Guest Blog: Can Employee Share Schemes Bridge the Pension Shortfall?

For as long as most remember, UK employees, especially higher earners, have relied on company pensions as the primary means of accumulating long-term capital. These days are now well behind us, while the realisation of what has changed lies in the future.

Two significant developments now constrain the ability of employees to accumulate capital via pension plans. Firstly, the migration from defined benefit to defined contribution pension is giving rise to a much lower level of capital accumulation, at a time when the cost of purchasing a long-term income stream (a so called “annuity”) has increased exponentially. The much reduced scale of defined contribution capital balances compared to the capital value of defined benefit pensions is illustrated below.

Source: ONS

The second development, more relevant to higher earners, is the limit on the amount of money that can be accumulated within a pension fund. In 2009 Fred Goodwin left RBS with pension capital of £25m. He was by no means alone in being provided with a multi-million pound pension pot, whereas the Government now limits total capital accumulation in a tax favoured pension to £1m.

While the scale of Executive pension pots might seem out of reach to most, the proportional decrease in capital accumulation is shown by ONS data to be commonplace.

This raises the question of how those with higher earnings will bridge the gap in wealth accumulation between their generation and the one that preceded them. It is true most employees subject to the pension lifetime allowance or annual allowance are provided with a cash alternative, but there is little evidence suggesting this additional income is being used for capital accumulation purposes.

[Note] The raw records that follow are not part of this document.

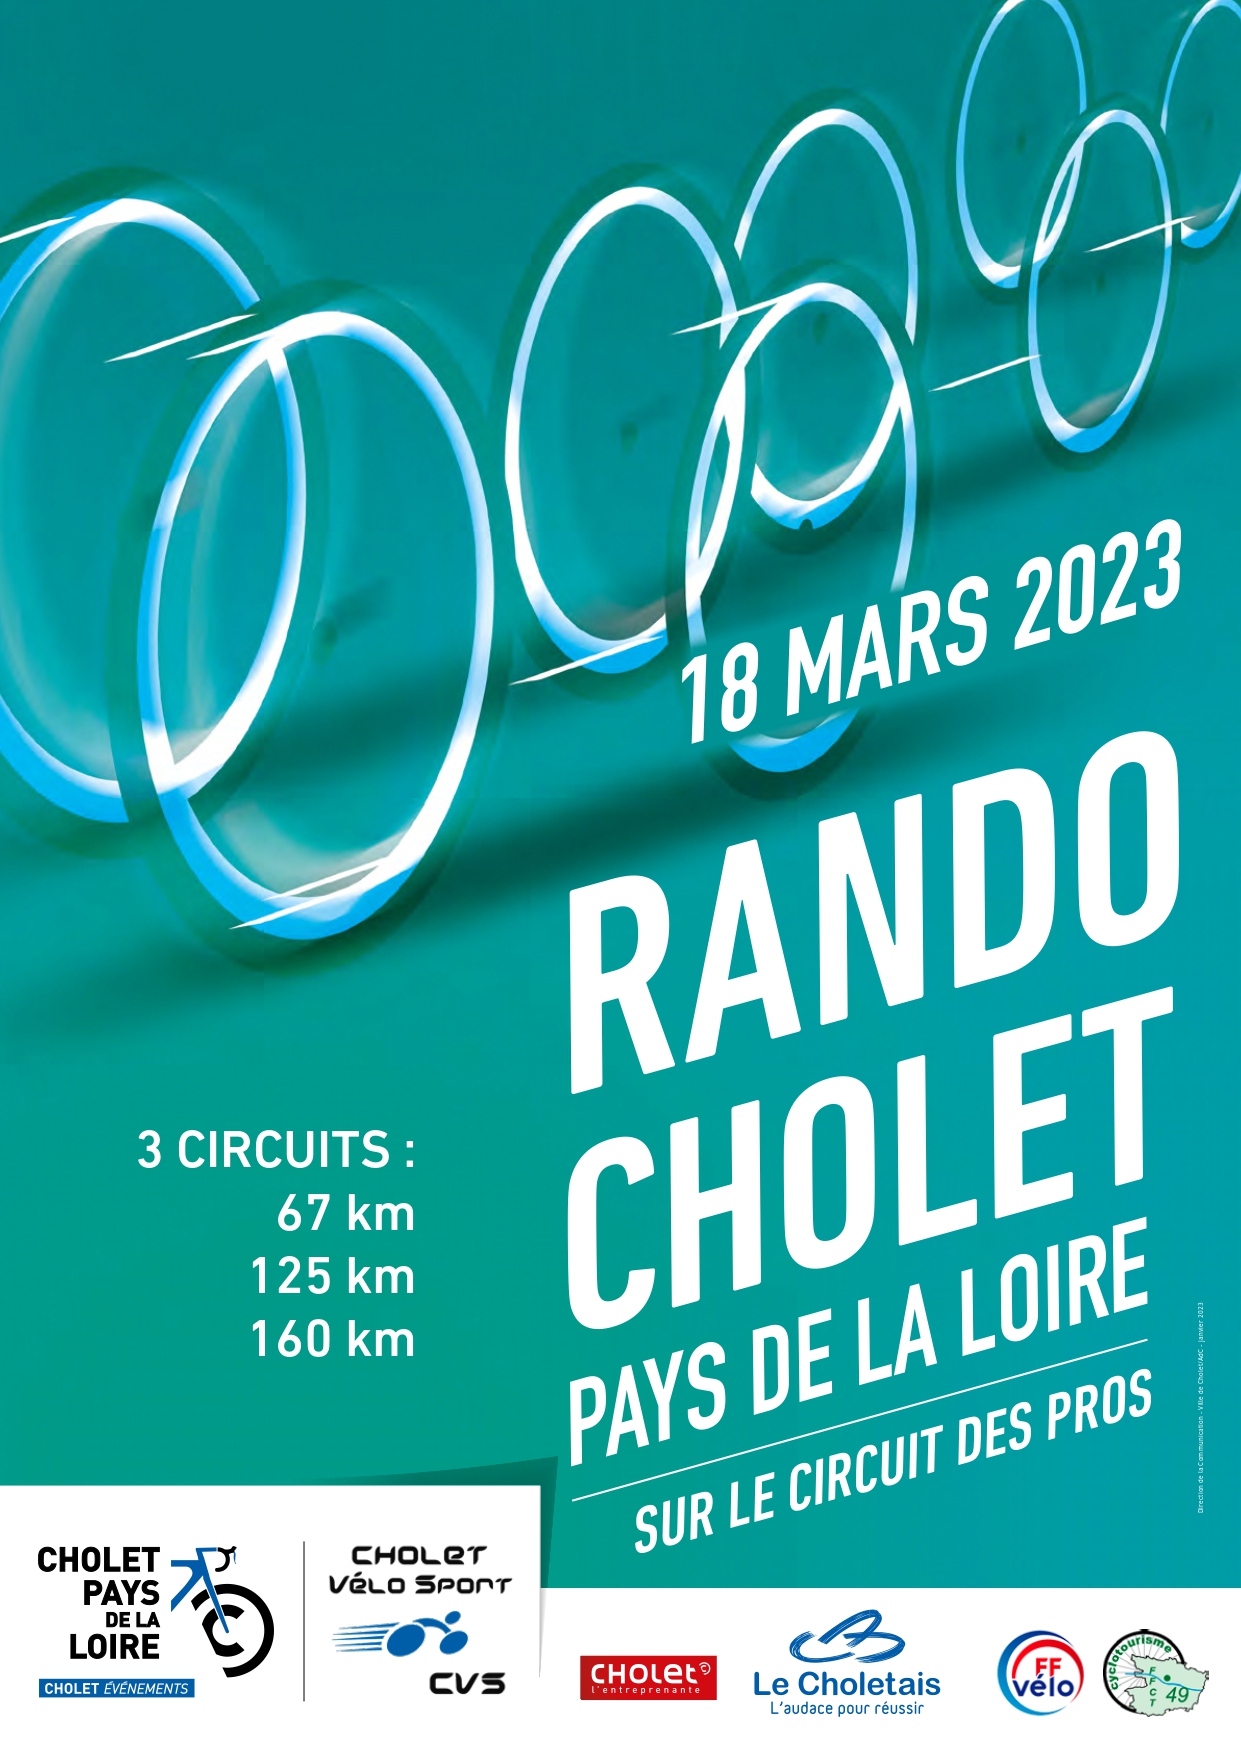 RANDO CHOLET PAYS DE LA LOIRE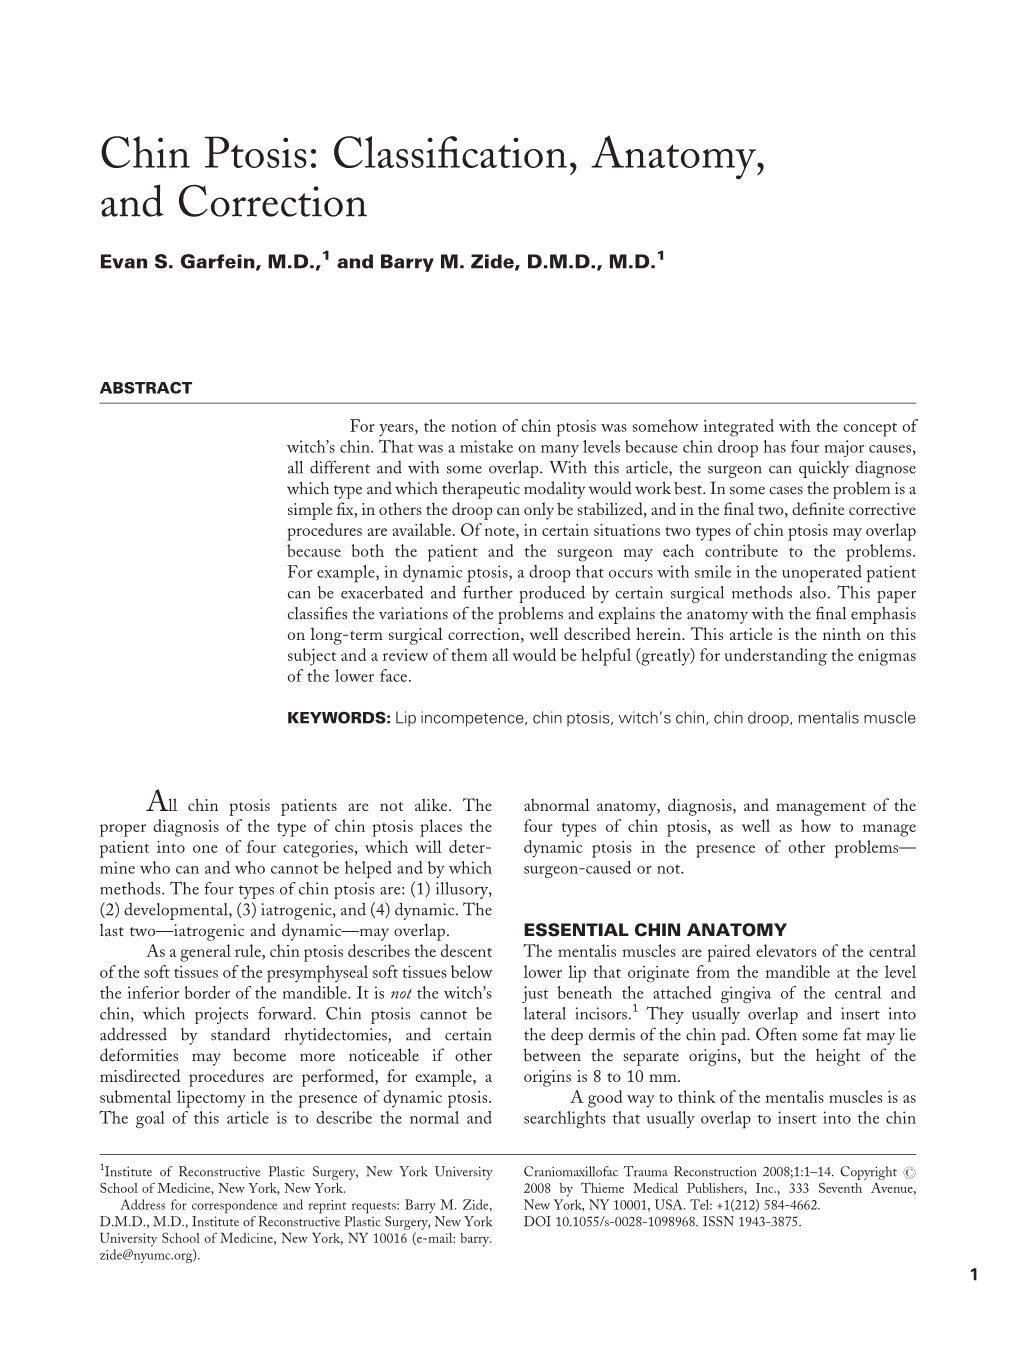 Chin Ptosis: Classification, Anatomy, and Correction/Garfein, Zide 3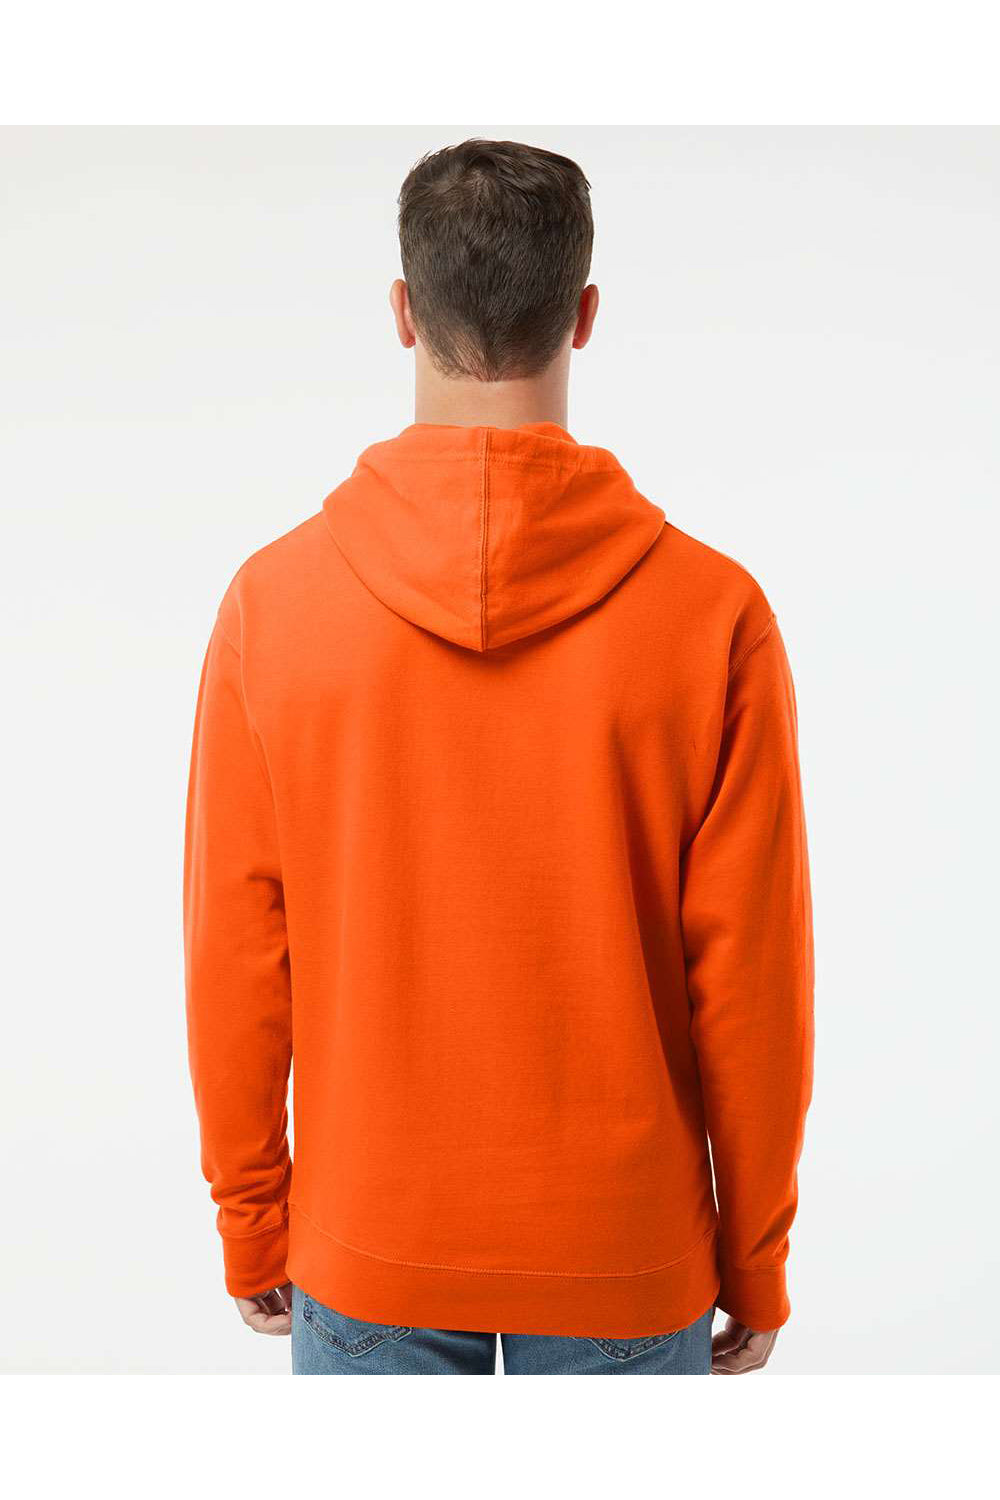 Independent Trading Co. SS4500 Mens Hooded Sweatshirt Hoodie Orange Model Back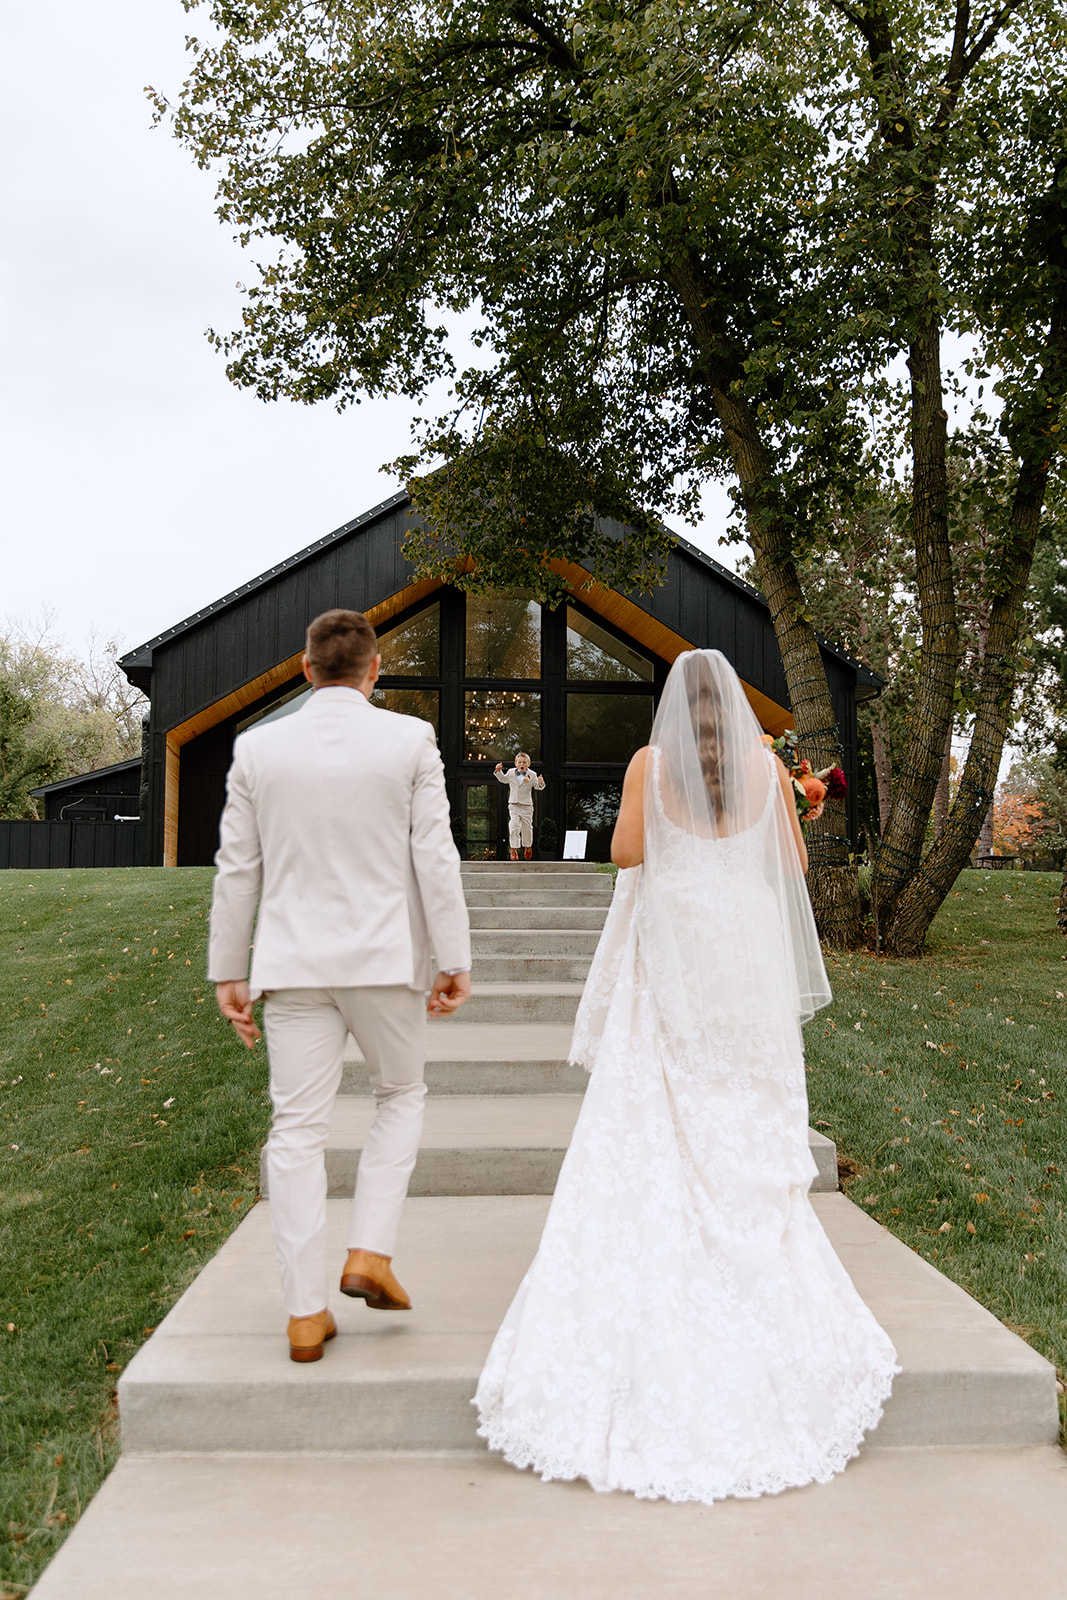 Bride and groom walk away from wedding ceremony

Can employee share schemes help bridge this gap and provide an alternative means of capital accumulation and if so, could this potentially help employees more widely? In the USA, the answer to the first part of this question has been an assured “yes” for the past 30 years, but it is only now that we are beginning to see a nod in that direction in the UK. 96% of FTSE250 companies now require Executives to hold shares for more than five years and the scale of the required shareholding has risen steadily in recent years. A median FTSE250 Chief Executive now holds shares worth 690% of salary, while Executive Directors reporting directly to the CEO hold shares with a median value of 255% of salary.

Clearly, the risk profile associated with holding shares in a single company is very different to the risk profile of capital accumulation in a pension plan. However, perhaps we have turned a corner and the trickle-down effect will be that a growing number of UK employees begin to make the connection between share plans and long-term capital accumulation?

Mark Childs

The author is a Director of the Total Reward Group and former Vice-President, Reward, of the Chartered Institute of Personnel & Development (CIPD).